▶ _Task objective_
Leave out the images; return the rest of the data exactly.

▶ _Provided material_
··········
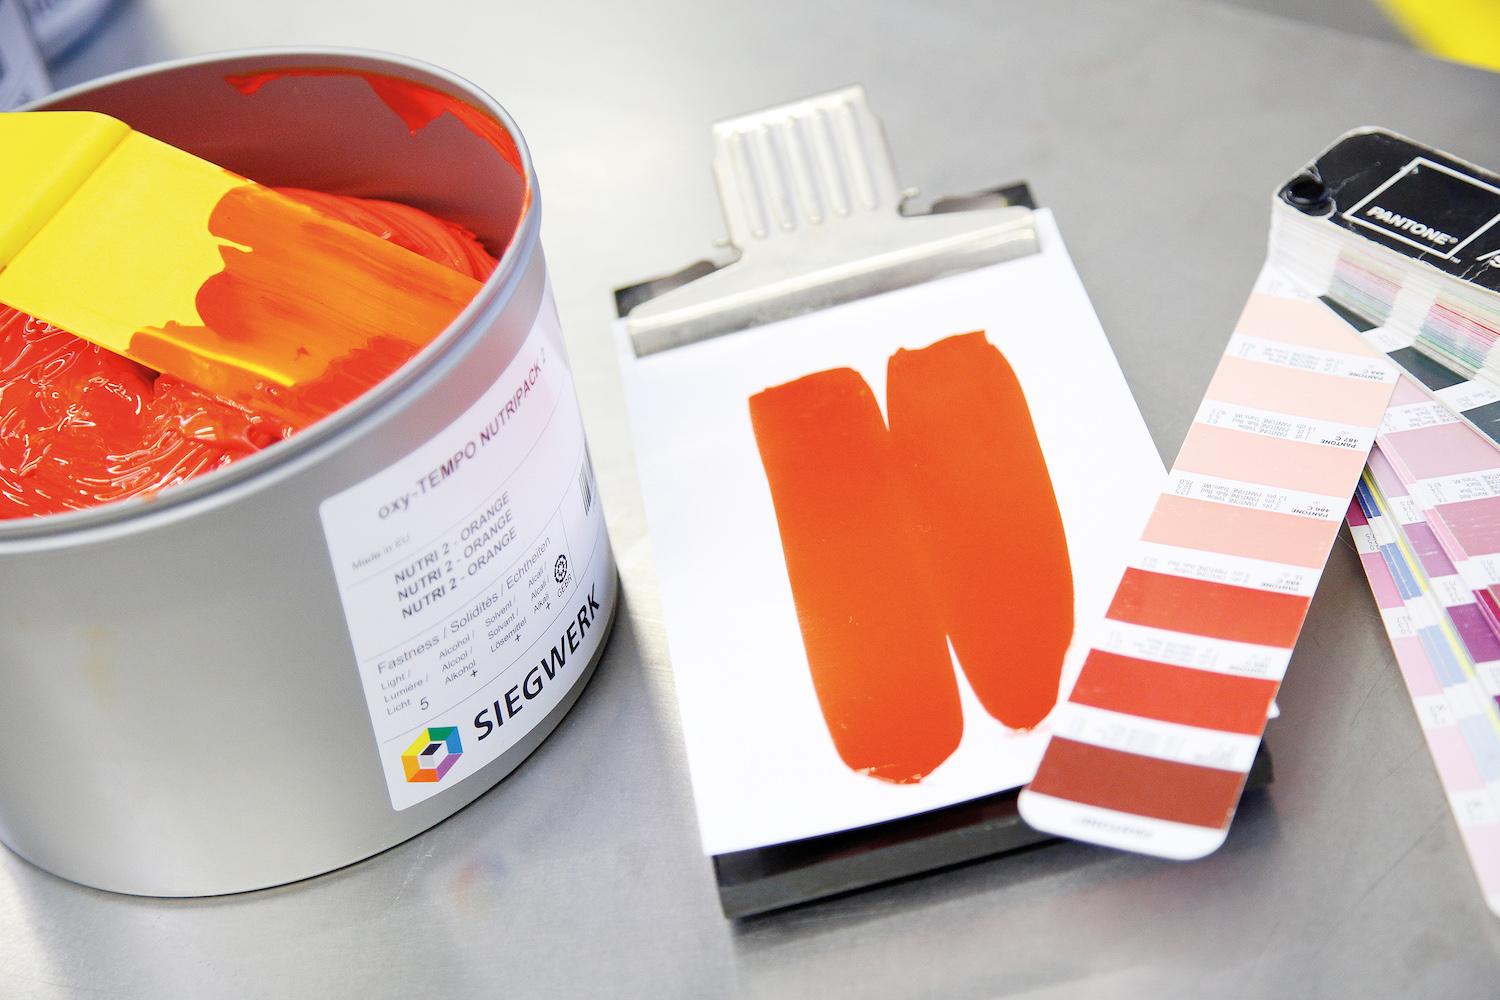 Siegwerk inks and coatings for packaging and printing
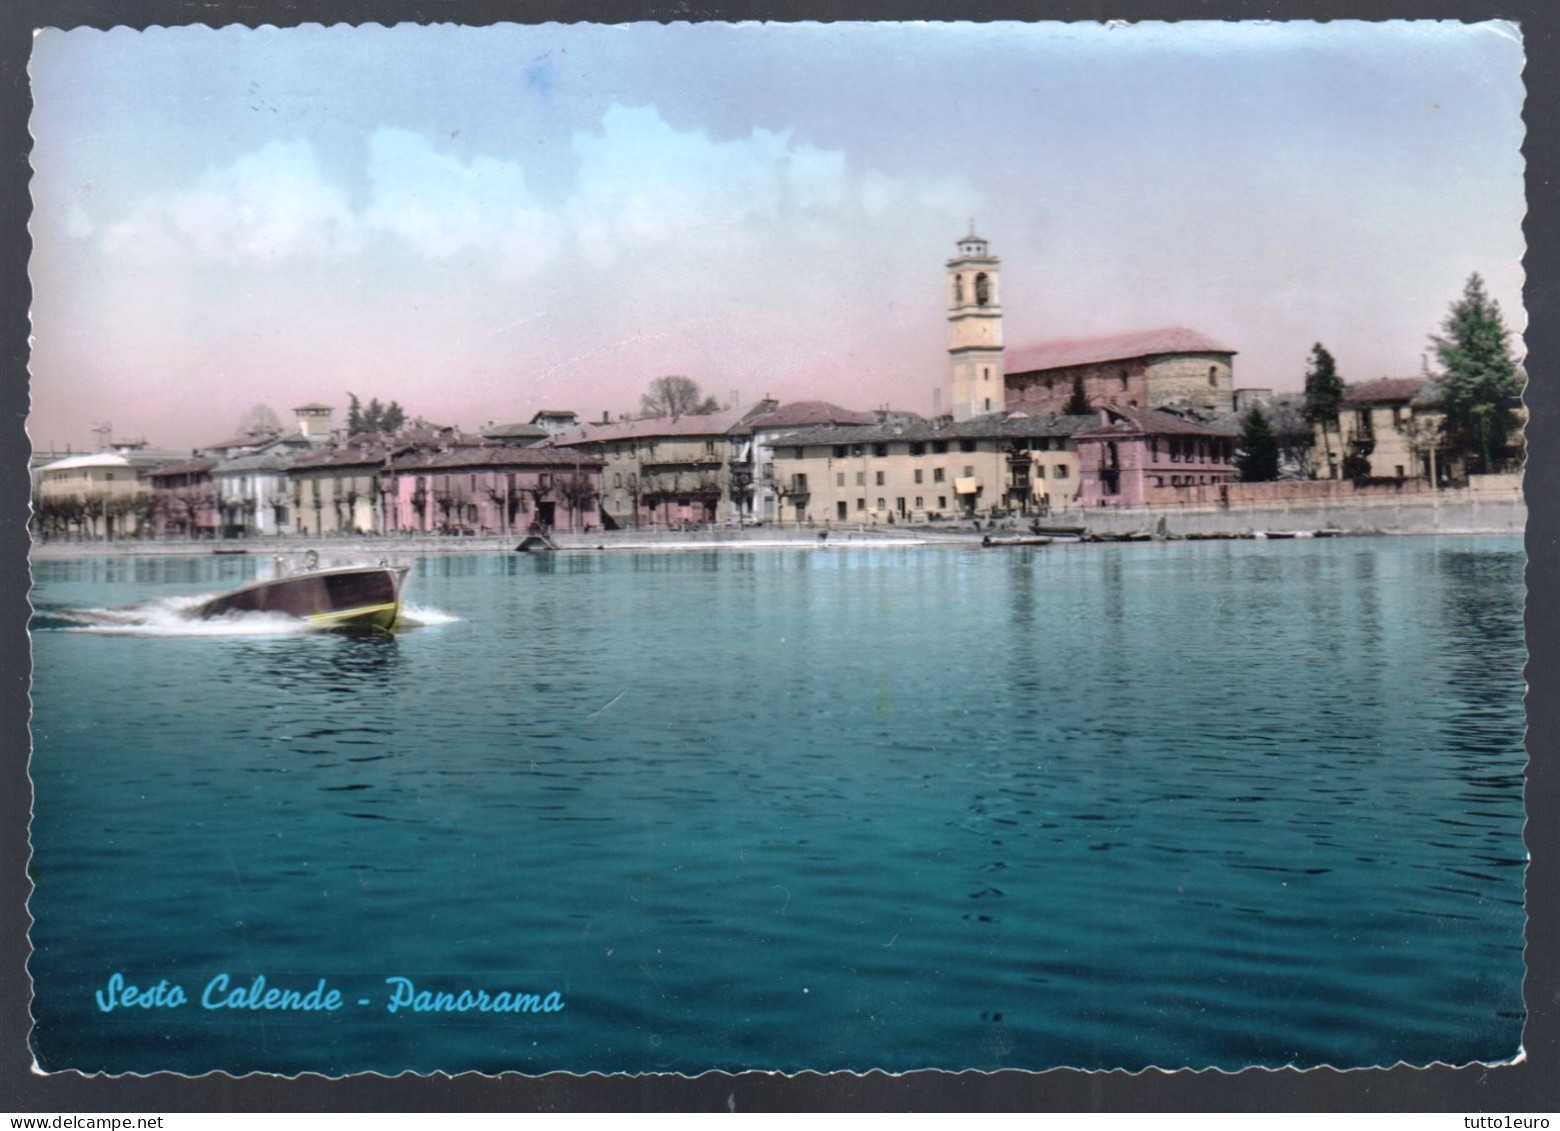 SESTO CALENDE - VARESE - 1959 -  PANORAMA CON MOTOSCAFO - Houseboats
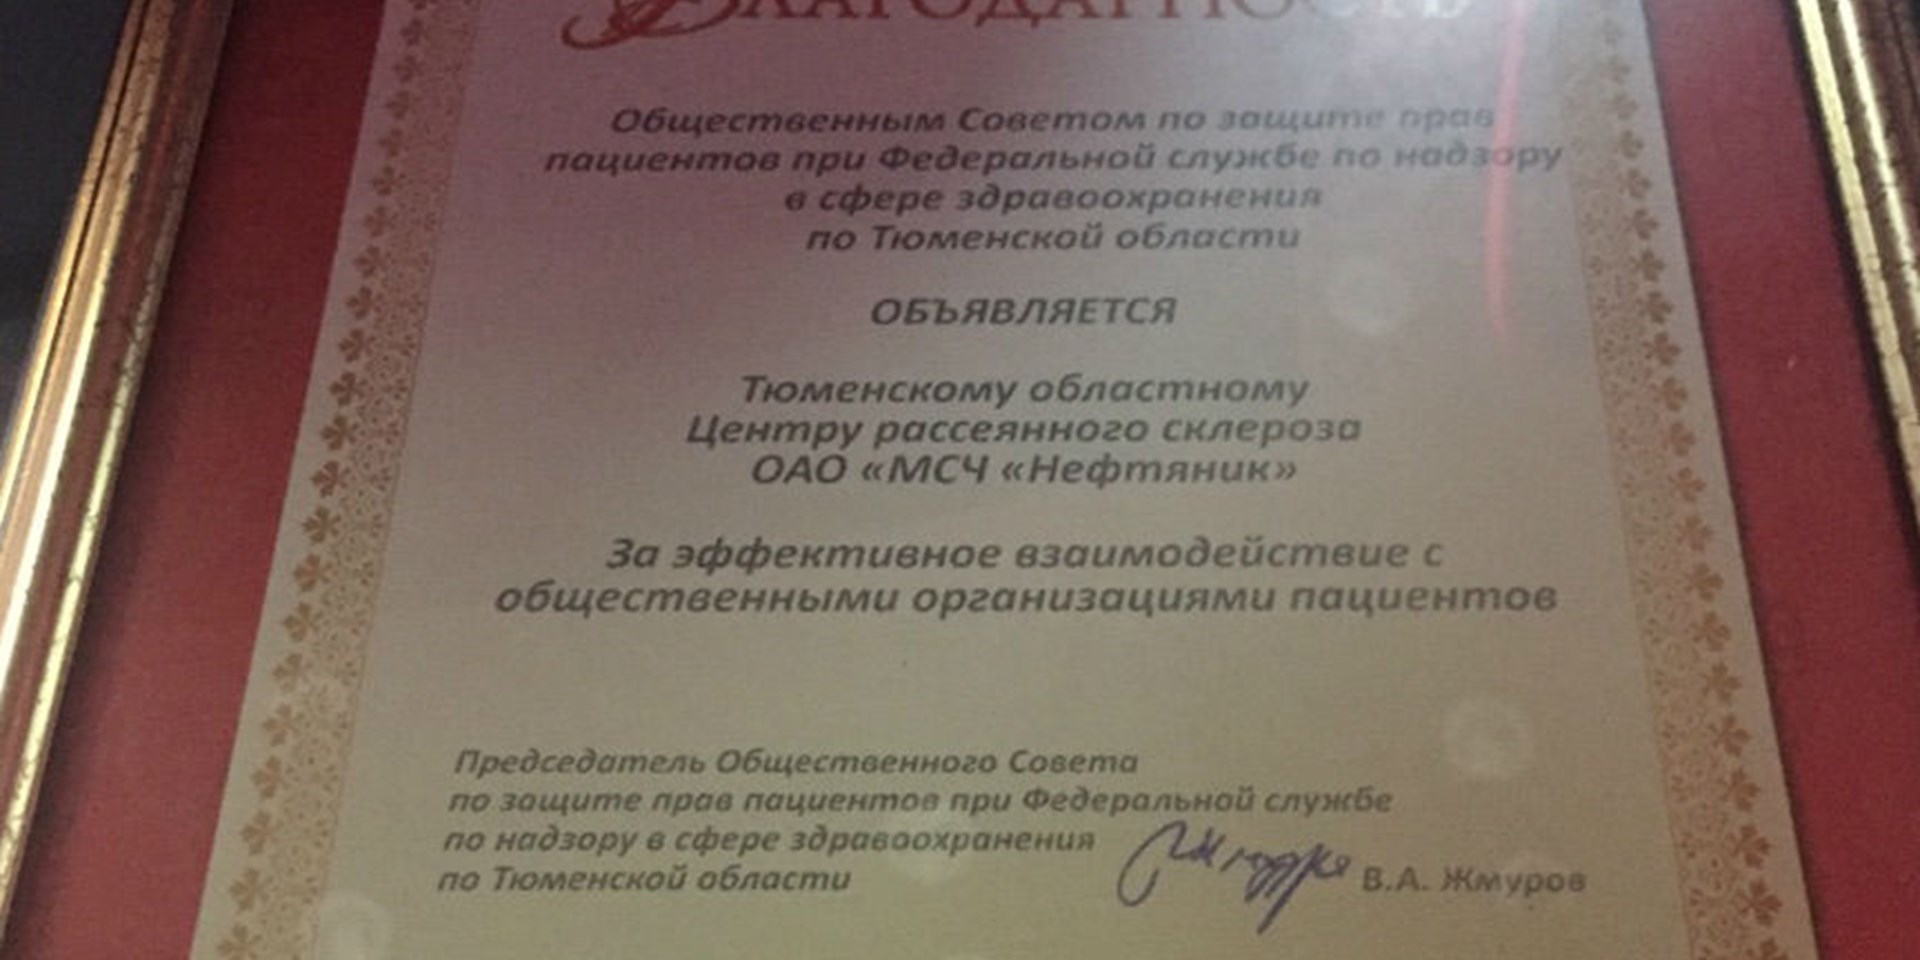 Благодарность Тюменскому областному Центру рассеянного склероза ОАО «МСЧ «Нефтяник»
··········
▶ _Answer section_
 Siegwerk inks and coatings for packaging and printing
 SESTO CALENDE - VARESE - 1959 -  PANORAMA CON MOTOSCAFO - Houseboats
 Благодарность Тюменскому областному Центру рассеянного склероза ОАО «МСЧ «Нефтяник»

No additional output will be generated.